Re: [Linking-open-data] Reasoning over Web Data

From: Hugh Glaser <hg@ecs.soton.ac.uk> · Date: Fri, 03 Aug 2007 11:56:54 +0100

Thanks Richard,
On 1/8/07 14:00, "Richard Cyganiak" <richard@cyganiak.de> wrote:
> 
> Hugh,
> 
> On 31 Jul 2007, at 21:25, Hugh Glaser wrote:
>>> Within applications like the
>>> DISCO Semantic Web browser or the Semantic Web Client Library, we
>>> use the
>>> Named Graphs data model to represent RDF data that has been
>>> retrieved from
>>> the Web. This allows us to clearly keep track where information
>>> came from
>>> and which facts are associated with each other.
>> Yes, it is possible to distinguish.
>> This begs the question: if I need to use Named Graphs for the
>> simplest query
>> about Tim's three roles, effectively bypassing the sameAs
>> inference, was
>> sameAs the right thing to use?
> 
> In Disco, we use Named Graphs for *storage* of Web-retrieved
> information. This doesn't mean we have to ³use them for the simplest
> query² or that we're bypassing sameAs references.
> 
> In fact, when Disco retrieves information from the Named Graph store
> for presentation to the user, it works on a merged view of all the
> Named Graphs, so essentially it sees exactly what you would see if
> you just threw everything into One Big Model.
> 
> But having Named Graphs behind this merged view means that we can ask
> the store where the statement came from, and can retrieve additional
> metadata about the source (both metadata published by the source
> itself, and metadata about the dereferencing process).
Absolutely. A way to process really important things such as trust,
provenance, clever apps, and probably a bunch of things we haven't thought
of yet.
> 
>> Trust is a big issue (and especially motivates Named graphs), but I
>> don't
>> think it illuminates this case.
>> I am not describing a situation where I am throwing lots of RDF into a
>> triplestore. The situation is that I want to do some querying, say
>> about
>> people at W3C. I find Tim's URI, and retrieve the RDF, and his
>> associated
>> sameAs URIs -> RDF, and put it all into a triplestore cache, so
>> that I can
>> conveniently do some work on it.
>> Since it all starts from Tim's page, I don't see there is much of a
>> trust
>> issue here either.
>> This is a straightforward bit of SW business.
> 
> Named Graphs help not just with trust but also with provenance, which
> is highly relevant in the case you describe.
> 
>>> I also think that it would not be harmful if OWL tutorials and
>>> best practice
>>> guides would state this fact more clearly so that they do not
>>> raise wrong
>>> expectations.
>> That would be good.
>> So what is the recommended best practice?
>> Either on the querying side, to use Named Graphs model all the
>> time; or on
>> the representation side, as I said in my original message (which
>> seemed to
>> get lost off the end of Pat's reply):
>>> This means that the ontologies have to be much more carefully
>>> constructed
>>> than they appear to be at present, taking cognisance of the
>>> consequences of
>>> others making such sameAs statements, in our open world.
> 
> That's certainly good advice, but not very actionable. Any specific
> ideas on what people should do when constructing ontologies?
Ay, there's the rub. To be the sameAs, or not to be.

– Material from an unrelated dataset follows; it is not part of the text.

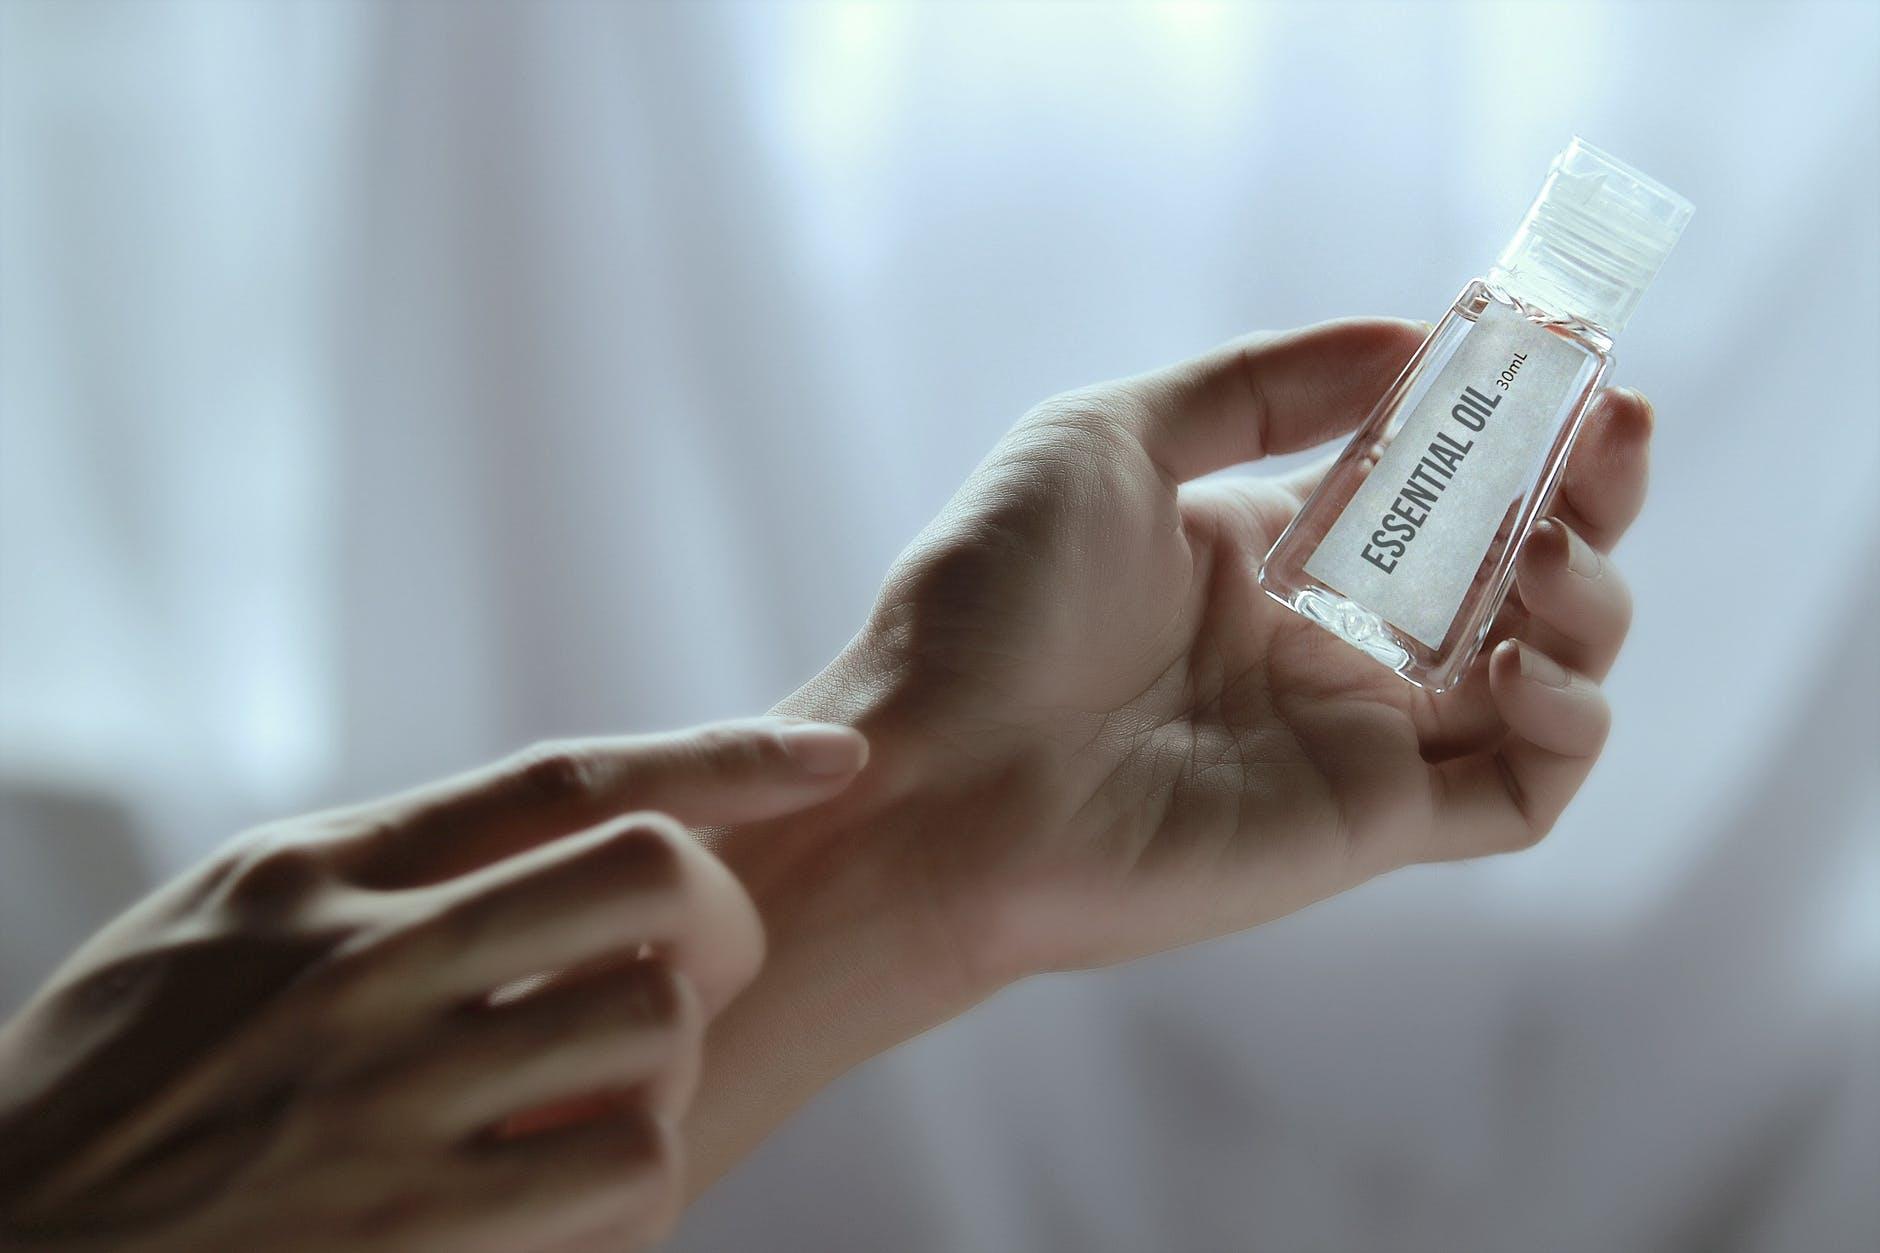 aromatherapy beauty blur bottle

Let me go back a bit and try to motivate a bit more.
The example I used was Tim, and the possible problem that his job titles
might be confused with the places he works.
I could suggest lots of similar examples about people; if my RDF at
Southampton lists me as teaching a unit, and I spend some time visiting
another institution, will a KB allow a correct inference that I teach the
unit at the other institution if I sameAs the URIs from each? If someone
looks me up in the KB at the visiting institution, will they realise that
the telephone number the KB gives for me is the one at my home institution
(especially if that is the only one it has)?
The same problems can be found for most types of things.
Pat rightly pointed out that Director should be director of something, which
is true, although ordinary job titles such as Professor and Senior Research
Scientist are usually just associated with a person. So it should be perhaps
that the rdf for Tim (I am using his name for the NIR) has a role, and then
the confusion is avoided because the role is associated with the title,
address, etc..
As I said originally, we could introduce indirection.
(Nick Gibbins is exploring this stuff at his id.ecs.soton.ac.uk site.)
But this means introducing the complexity of lots of roles everywhere, and
in the end, I hazard a guess that most people writing queries will just
consider them as transparent, and resurrect the problem by ignoring such
indirections.
It would be nice to think that RDF will be that carefully constructed, and
queries just as carefully, but outsiders already consider it pretty
complicated (for some strange reason), and making it less intuitive is not
really desirable.
In fact, we already have a significant legacy of ontologies, and associated
RDF, that would need rebuilding.

It should also be of some concern that if we are discussing the difficulty
of understanding this problem, then the wider community might well have
difficulty understanding and using guidlines. The nice thing about the
Linked Data Tutorial is that I can give it to most people and they can just
follow it, and it makes sense.

So having got rather more controversial than I intended, I'll got the whole
unit of distance.

The proposal to use sameAs so widely is the problem. This is because it is
such a strong assertion, and without stepping outside the standard
framework, I am not allowed to distinguish URIs to the same NIR.
sameAs is very important: if I get a chemical sample on my bench and get
some data about, I need a label for it. I will eventually work out what it
is, at which point I may want to sameAs. If someone refers to something
about a paper's (unknown) author, it would be good to assert sameAs when you
eventually find out another URI for the author that includes the name, etc..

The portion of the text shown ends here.